Dampak Neet
Mengutip dari Global Affairs, tingginya jumlah generasi muda yang tergolong NEET dapat memberikan efek yang merugikan bagi suatu negara. Salah satunya ialah pertama, berkurangnya jumlah pajak yang diterima. GenZi yang menganggur tidak bisa menyetor pajak penghasilan (PPh) karena mereka tidak punya pendapatan. Lagi lagi, Negara hanya memperhitungkan pajak dan tidak memperhatikan masa depan generasi.
Kedua, terhambatnya pertumbuhan ekonomi. GenZi yang tidak memiliki perkerjaan tidak akan berkontribusi dalam peningkatan konsumsi, penurunan konsumsi ini akan berdampak pada penurunan produksi. akibatnya, jumlah perusahaan yang melakukan ekspansi atau membuka usaha baru semakin berkurang sehingga melemahnya laju pertumbuhan ekonomi dari investasi.
Ketiga, berkurangnya jumlah tabungan masyarakat. Pemerintah mengatakan bahwa tabungan masyarakat (national savings) sangat penting sebagai sumber pendanaan pembangunan.
Keempat, menjadi beban masyarakat dan menyebabkan masalah sosial. GenZi yang menganggur memperberat tanggung jawab negara karena negara harus memberi bantuan sosial atau layanan kesehatan kepada mereka. Selain itu, masalah sosial juga bisa timbul seperti tunawisma atau pengemis. Dalam sistem kapitalisme, masyarakat selalu dinilai berdasarkan perhitungan untung dan rugi. Oleh karena itu, angka pengangguran yang tinggi  di kalangan GenZi dianggap sebagai beban bagi negara.

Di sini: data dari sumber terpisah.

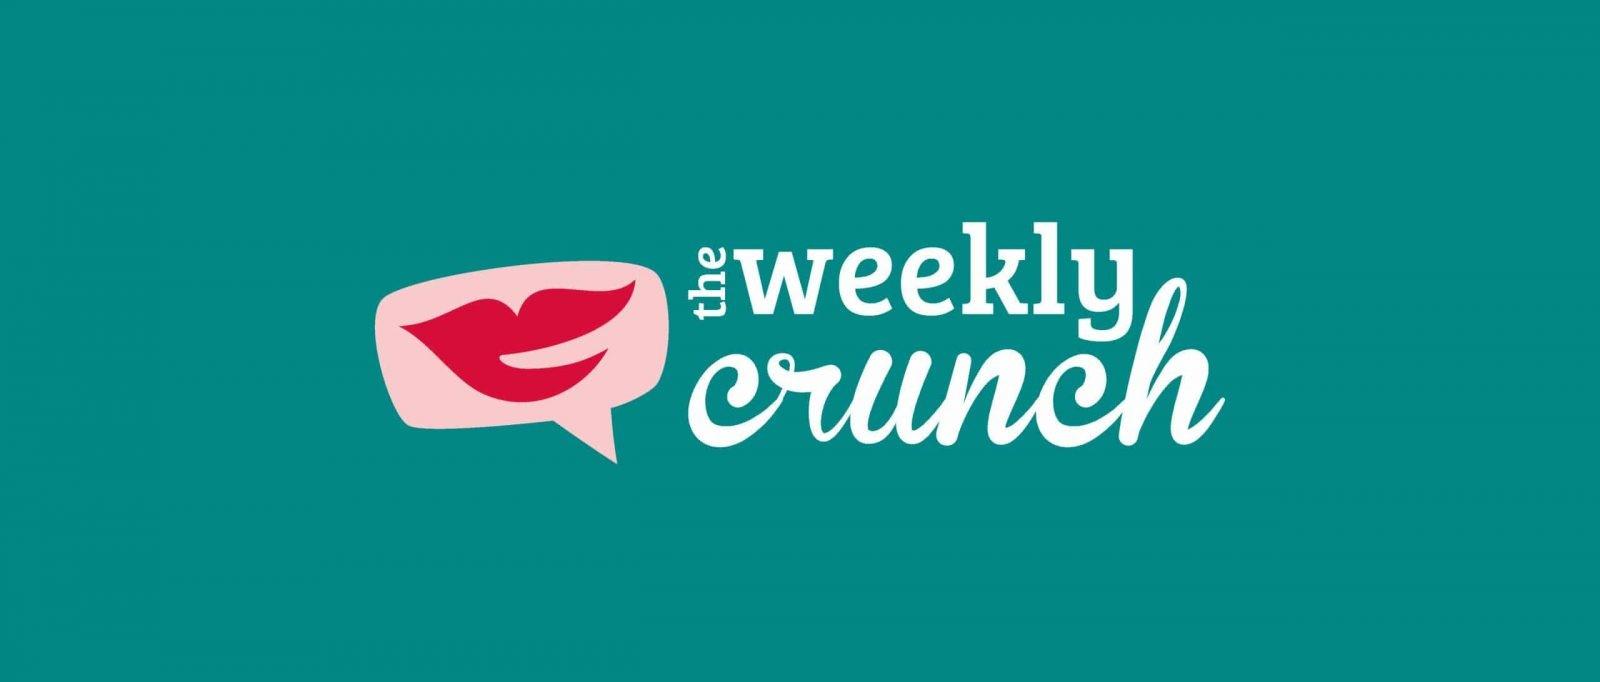 weekly crunch_crunchy_tales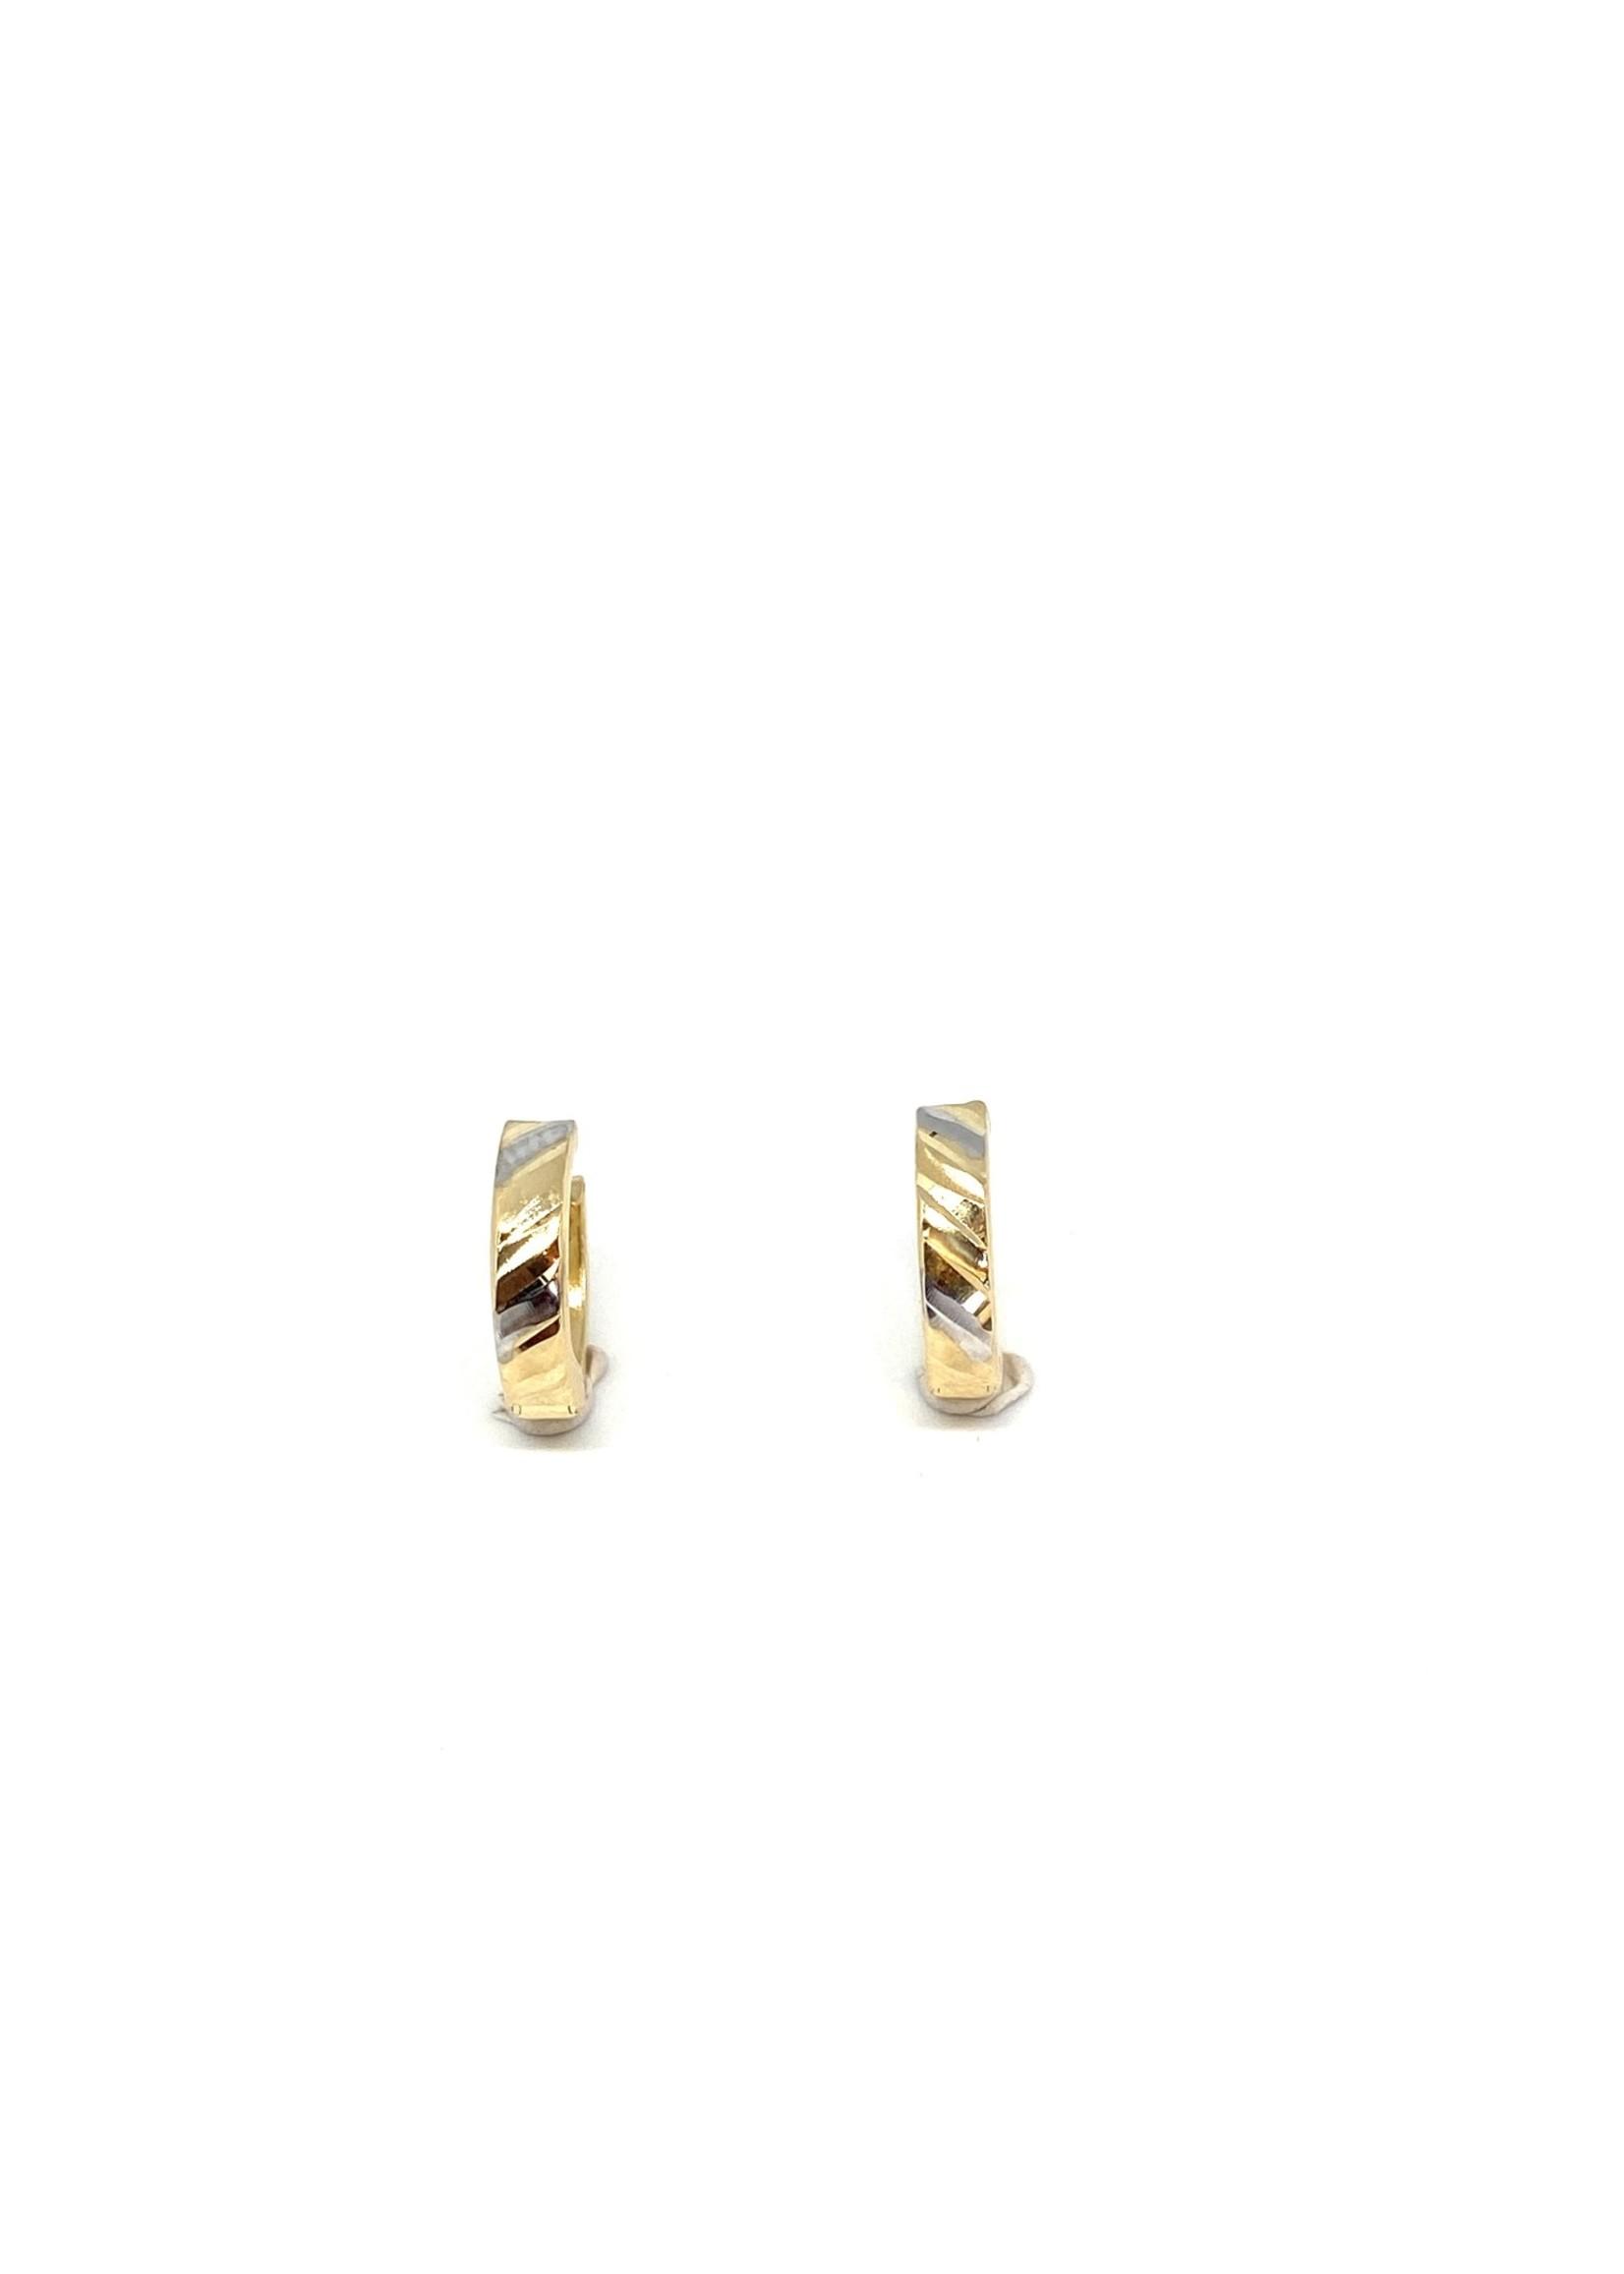 PARÉ Boucles d'oreilles Huggies « Diamond Cut » Or 10K 2 tons

Kelima, kondisi ini tampaknya mengancam keberhasilan Indonesia dalam meraih Indonesia Emas 2045.
Kelima dampak yang telah disebutkan di atas memperlihatkan kekhawatiran pemerintah mengenai tingginya jumlah pengangguran di kalangan GenZi yang berpotensi menyebabkan kemunduran ekonomi negara, bukan semata-mata peduli terhadap masa depan generasi yang akan terancam.
Masa Depan Generasi Terancam
Penerapan sistem sekuler kapitalisme di negeri ini mengizinkan perusahaan-perusahaan, baik lokal, swasta, maupun dalam negeri untuk menguasai dan mengelola SDA. Akibatnya, penyediaan lapangan kerja tergantung pada mekanisme pasar, sehingga tenaga kerja tidak akan terserap. Selain itu, penanaman modal yang dilakukan oleh perusahaan-perusahaan lebih fokus pada investasi padat modal dari pada padat karya, sehingga masyarakat kesulitan untuk memperoleh pekerjaan.
Meningkatnya pengangguran juga disebabkan oleh faktor kemalasan individu, kecacatan atau uzur, serta tingkat pendidikan yang rendah. Tenaga kerja Indonesia yang mereka berpendidikan rendah, yakni SD dan SMP mencapai sekitar 74 %. Pada akhirnya, publik menyadari bahwa tingginya angka pengangguran yang di kalangan GenZi adalah hasil dari penerapan sistem kapitalisme.
Lebih dari itu, saat ini ada polemik di tengah masyarat mengenai tingginya biaya uang kuliah tunggal (UKT) yang membuat pendidikan tinggi sangat sulit diakses oleh anak bangsa. Harapan dan cita-cita anak bangsa terhambat oleh besarnya biaya UKT. Kampus yang mestinya menjadi tempat pendidikan yang dapat diakses oleh semua warga negara, kini hanya dapat diakses oleh orang yang berduit banyak.